Les anti-prohibitionnistes font aussi remarquer qu’il existe, à côté de la corruption de secteurs entiers de la police, de la justice et de l’appareil d’Etat, de nombreux pays, une hypocrisie infernale qui mine la prohibition : les paradis fiscaux.
Le débat français
Penchons-nous sur le débat français concernant le cannabis. Commençons par noter que, une fois n’est pas coutume, la France et les Pays-Bas jouent à fronts renversés. Tandis que les Pays-Bas durcissent leur position sur les coffee shops11, les Français discutent de la légalisation du cannabis. Précisons plutôt : une poignée de Français. Mais reconnaissons tout de même qu’un ancien ministre de l’Intérieur et qu’un élu local, maire d’une ville « difficile », affichent clairement et de manière argumentée une position en faveur de la légalisation du cannabis constitue, en soi, un événement. C’est si vrai que lors du premier débat des primaires socialistes, ô surprise, la question du cannabis s’est invitée et a montré que le consensus n’existait pas sur cette question.
Notons ensuite qu’il n’existe pas de consensus non plus parmi les experts sur la dangerosité du cannabis. Le rapport Roques12 et l’analyse d’un collectif britannique présidé par David Nutt13 classent le cannabis loin derrière l’alcool et les drogues « dures ». En opposition, les rapports de l’Académie nationale de médecine dominée par une poignée d’adversaires farouches du cannabis, malgré Roger Henrion qui reconnaît avoir « baissé les bras »14. Cela étant, la majorité des spécialistes penchent plutôt pour Roques que pour l’Académie, même si tous ont conscience que la dangerosité évolue avec les modes de consommation.

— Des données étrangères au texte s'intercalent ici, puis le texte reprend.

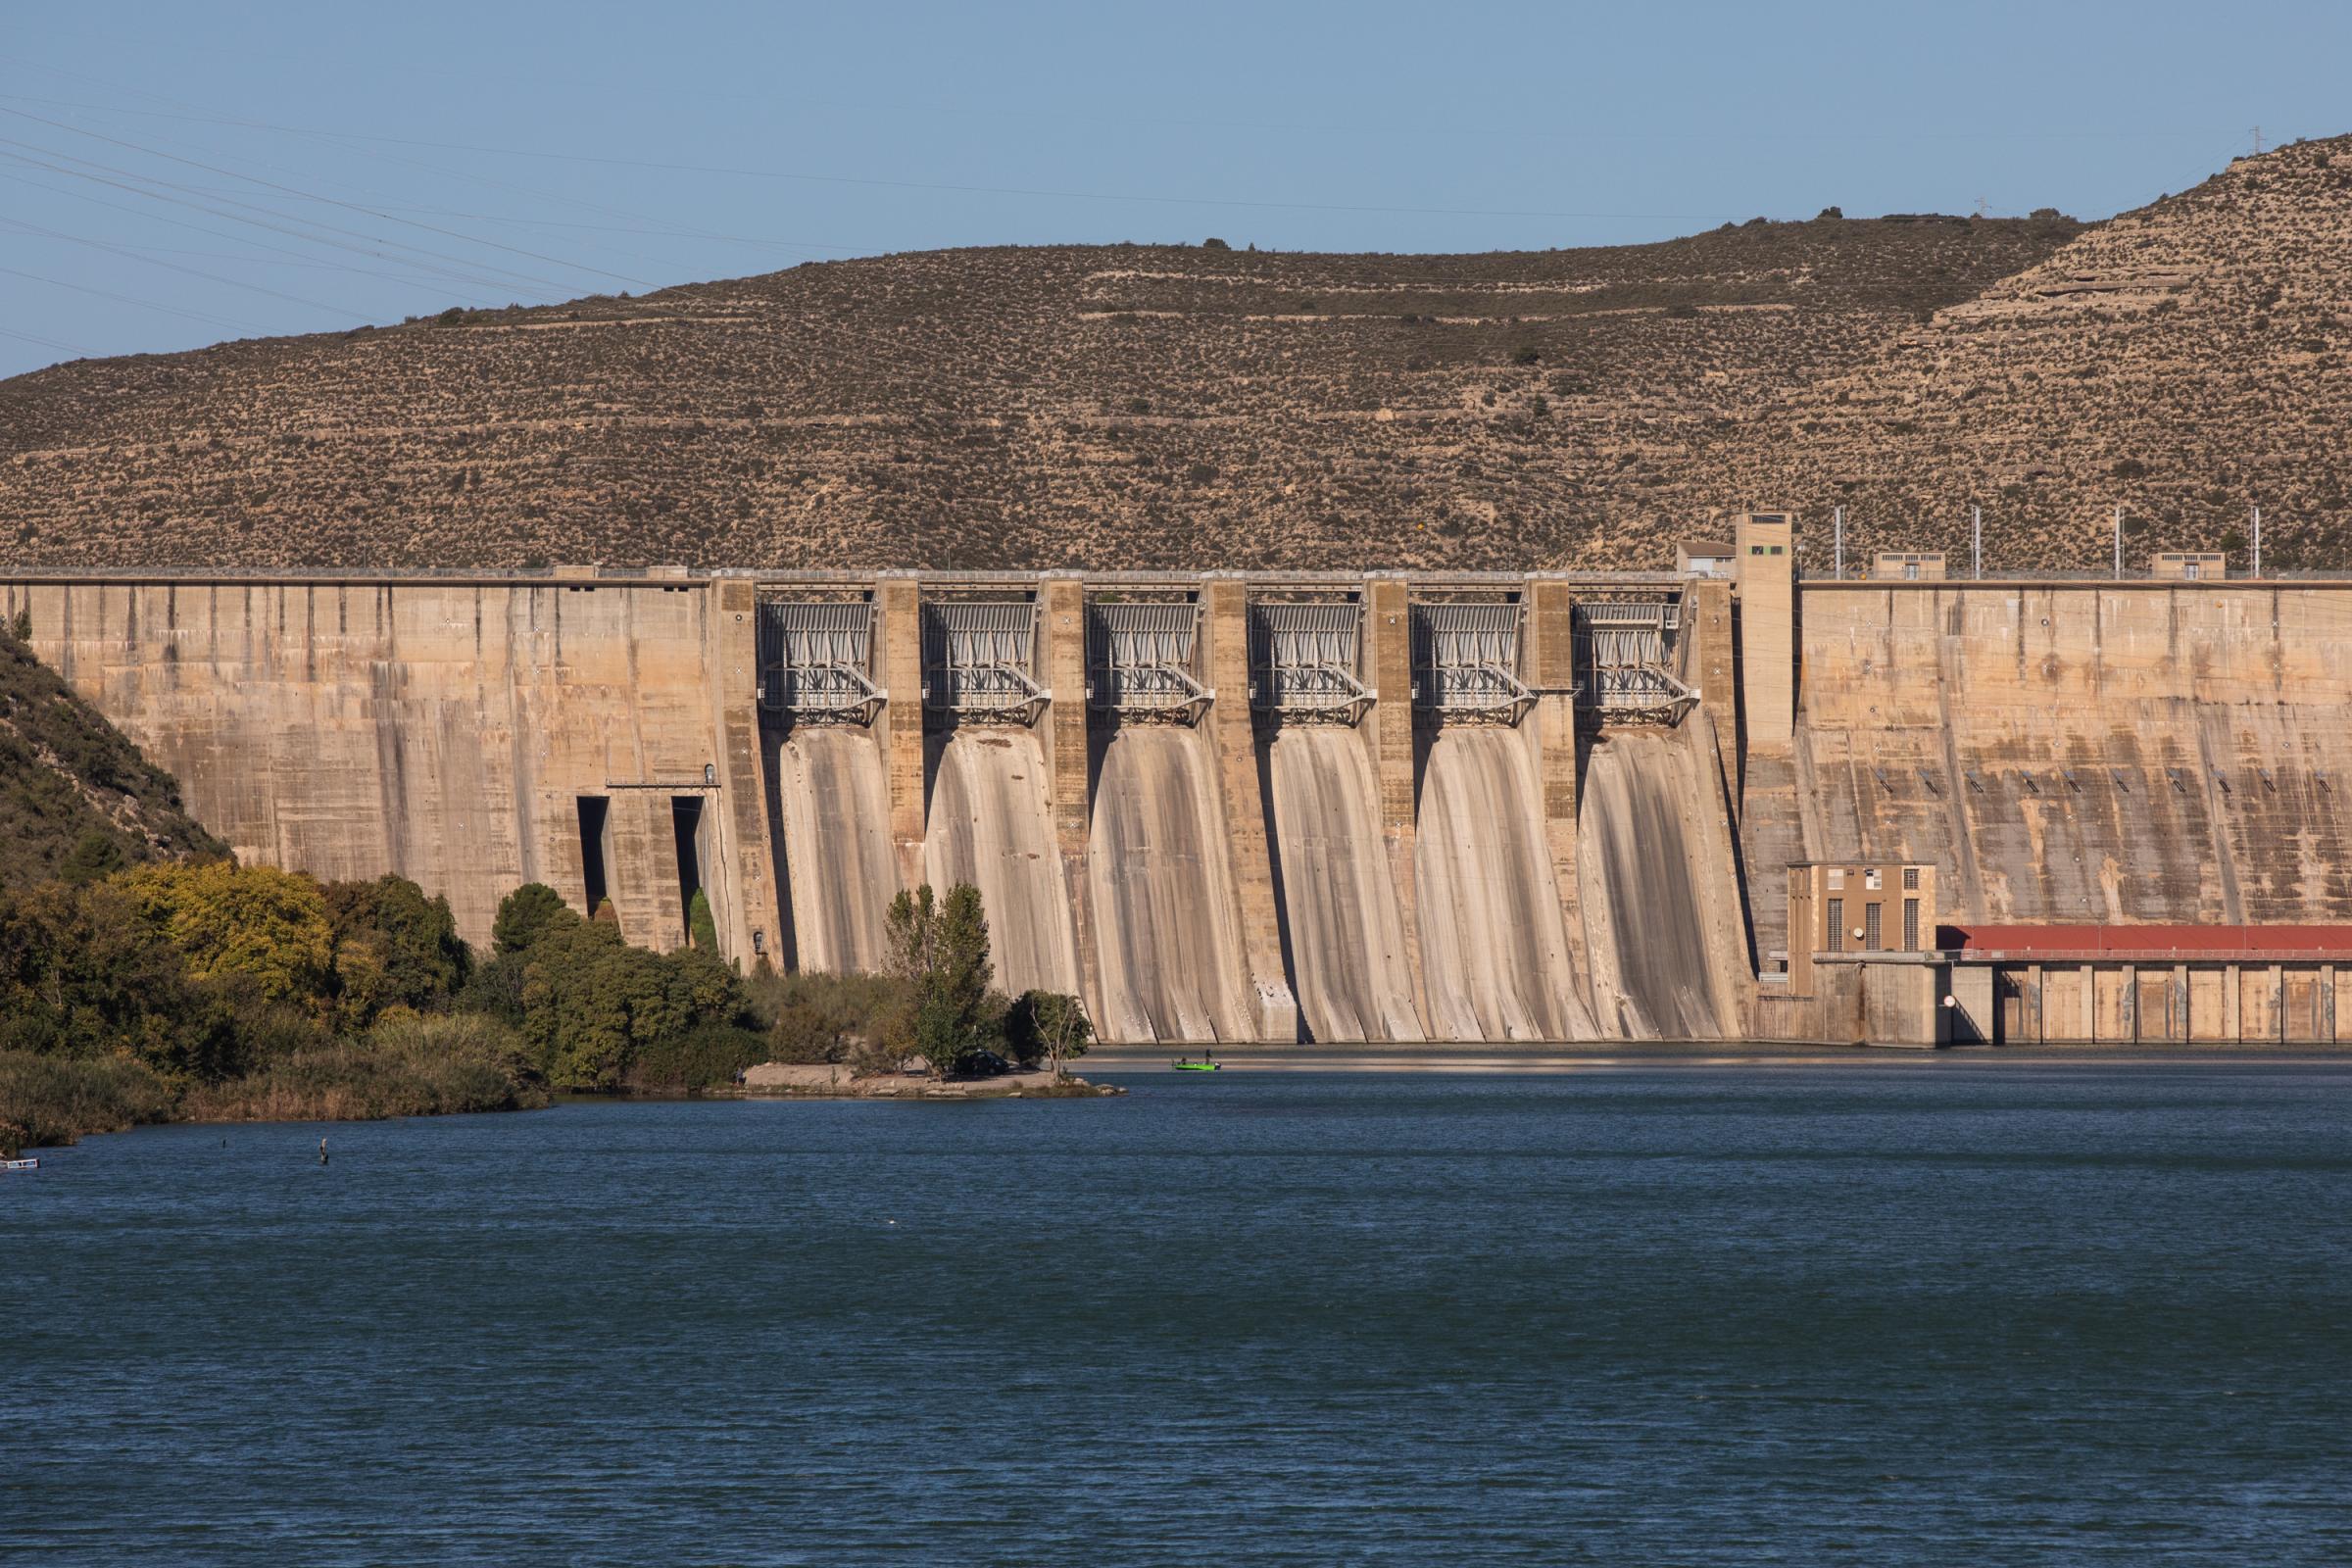 Spain's Drought Threatens Electricity Production At Mequinenza Plant - MEQUINENZA, SPAIN - NOVEMBER 05: First thing in the...

Autre difficulté –Vaillant et Gatignon en conviennent–, la décision de légaliser le cannabis ne peut être seulement française mais, au minimum, européenne. C’est dire que le chemin sera long15.
Les arguments économiques ont été au coeur du référendum californien sur la légalisation du cannabis récréatif à l’automne 2011 (perdu 47% contre 53% par les antiprohibitionnistes) : des taxes importantes pour l’Etat, des économies liées à la fin des dépenses du système policier et juridique. Ces deux arguments, mis en avant par Vaillant et Gatignon, ne sont pas négligeables, mais il n’est pas certain que ces derniers emportent jamais l’adhésion d’une majorité de citoyens16.
Pourtant, deux hommes politiques français ont travaillé sur ce dossier, se sont confrontés aux arguments et contre-arguments et sont aujourd’hui capables de tenir tête aux partisans du statu quo. C’est probablement le début d’une révolution des esprits qui n’est pas prête de s’éteindre car chaque jour qui passe voit les effets pervers de la prohibition s’aggraver. De ce point de vue, il est assez triste de constater que la droite, qui n’a pas à rougir de certaines avancées (Michèle Barzach et la mise en vente des seringues, Simone Veil et les traitements de substitution, Jean-François Mattei et l’inscription de la RdR dans la loi), ne trouve rien à dire sur cette question, sinon condamner en bloc.